Segment Start: Data extract

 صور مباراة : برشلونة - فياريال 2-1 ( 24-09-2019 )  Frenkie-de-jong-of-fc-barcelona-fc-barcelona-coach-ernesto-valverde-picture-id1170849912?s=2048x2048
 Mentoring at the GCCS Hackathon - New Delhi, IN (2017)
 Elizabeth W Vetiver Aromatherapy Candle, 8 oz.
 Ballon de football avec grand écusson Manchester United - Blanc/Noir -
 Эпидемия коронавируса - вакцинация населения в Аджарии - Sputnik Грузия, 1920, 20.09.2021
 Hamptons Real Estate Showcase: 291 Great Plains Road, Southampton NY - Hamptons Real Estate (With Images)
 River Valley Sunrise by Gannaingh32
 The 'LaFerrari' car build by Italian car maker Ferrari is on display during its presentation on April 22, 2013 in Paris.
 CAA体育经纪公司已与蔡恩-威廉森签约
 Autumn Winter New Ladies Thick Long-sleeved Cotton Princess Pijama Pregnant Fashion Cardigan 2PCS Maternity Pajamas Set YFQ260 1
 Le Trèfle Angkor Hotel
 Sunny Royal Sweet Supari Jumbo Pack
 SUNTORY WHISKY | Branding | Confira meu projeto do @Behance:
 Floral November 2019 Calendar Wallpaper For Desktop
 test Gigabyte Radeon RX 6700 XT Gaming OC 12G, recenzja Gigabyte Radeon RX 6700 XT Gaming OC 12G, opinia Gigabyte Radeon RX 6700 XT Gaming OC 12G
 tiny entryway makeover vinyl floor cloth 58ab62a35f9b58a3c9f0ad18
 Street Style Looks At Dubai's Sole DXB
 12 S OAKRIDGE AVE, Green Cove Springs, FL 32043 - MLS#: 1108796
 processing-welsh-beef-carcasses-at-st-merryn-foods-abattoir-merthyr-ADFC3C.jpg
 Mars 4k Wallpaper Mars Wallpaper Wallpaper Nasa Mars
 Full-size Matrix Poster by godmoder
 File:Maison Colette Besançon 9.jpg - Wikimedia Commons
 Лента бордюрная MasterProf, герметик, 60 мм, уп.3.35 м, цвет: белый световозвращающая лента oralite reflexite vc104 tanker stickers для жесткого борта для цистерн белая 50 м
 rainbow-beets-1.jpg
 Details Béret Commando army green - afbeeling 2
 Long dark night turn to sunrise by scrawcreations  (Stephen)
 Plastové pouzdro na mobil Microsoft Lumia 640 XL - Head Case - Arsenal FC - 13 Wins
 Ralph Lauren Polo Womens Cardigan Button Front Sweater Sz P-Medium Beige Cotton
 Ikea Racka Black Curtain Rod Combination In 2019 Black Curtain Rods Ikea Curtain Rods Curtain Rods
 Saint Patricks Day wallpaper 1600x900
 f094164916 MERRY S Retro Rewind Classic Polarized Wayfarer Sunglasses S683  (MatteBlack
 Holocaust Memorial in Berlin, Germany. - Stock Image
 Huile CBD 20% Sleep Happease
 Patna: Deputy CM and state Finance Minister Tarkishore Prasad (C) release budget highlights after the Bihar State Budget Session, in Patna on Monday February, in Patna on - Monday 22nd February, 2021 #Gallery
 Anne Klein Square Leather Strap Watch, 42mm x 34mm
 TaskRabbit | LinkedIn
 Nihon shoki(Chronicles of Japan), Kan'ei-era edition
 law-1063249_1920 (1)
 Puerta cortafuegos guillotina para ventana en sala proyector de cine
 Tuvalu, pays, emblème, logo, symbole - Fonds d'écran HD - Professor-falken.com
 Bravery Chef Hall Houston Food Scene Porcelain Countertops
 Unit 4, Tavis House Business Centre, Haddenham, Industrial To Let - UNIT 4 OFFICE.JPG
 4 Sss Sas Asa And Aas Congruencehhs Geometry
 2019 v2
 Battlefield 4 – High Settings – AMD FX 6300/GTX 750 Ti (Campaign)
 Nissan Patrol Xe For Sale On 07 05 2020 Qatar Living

Segment End: Data extract

### Problem details
Your answer should hold exactly the lines from the one containing "Ikea Racka Black" to the last line of the data, both included, and no others.

### Task answer
 Ikea Racka Black Curtain Rod Combination In 2019 Black Curtain Rods Ikea Curtain Rods Curtain Rods
 Saint Patricks Day wallpaper 1600x900
 f094164916 MERRY S Retro Rewind Classic Polarized Wayfarer Sunglasses S683  (MatteBlack
 Holocaust Memorial in Berlin, Germany. - Stock Image
 Huile CBD 20% Sleep Happease
 Patna: Deputy CM and state Finance Minister Tarkishore Prasad (C) release budget highlights after the Bihar State Budget Session, in Patna on Monday February, in Patna on - Monday 22nd February, 2021 #Gallery
 Anne Klein Square Leather Strap Watch, 42mm x 34mm
 TaskRabbit | LinkedIn
 Nihon shoki(Chronicles of Japan), Kan'ei-era edition
 law-1063249_1920 (1)
 Puerta cortafuegos guillotina para ventana en sala proyector de cine
 Tuvalu, pays, emblème, logo, symbole - Fonds d'écran HD - Professor-falken.com
 Bravery Chef Hall Houston Food Scene Porcelain Countertops
 Unit 4, Tavis House Business Centre, Haddenham, Industrial To Let - UNIT 4 OFFICE.JPG
 4 Sss Sas Asa And Aas Congruencehhs Geometry
 2019 v2
 Battlefield 4 – High Settings – AMD FX 6300/GTX 750 Ti (Campaign)
 Nissan Patrol Xe For Sale On 07 05 2020 Qatar Living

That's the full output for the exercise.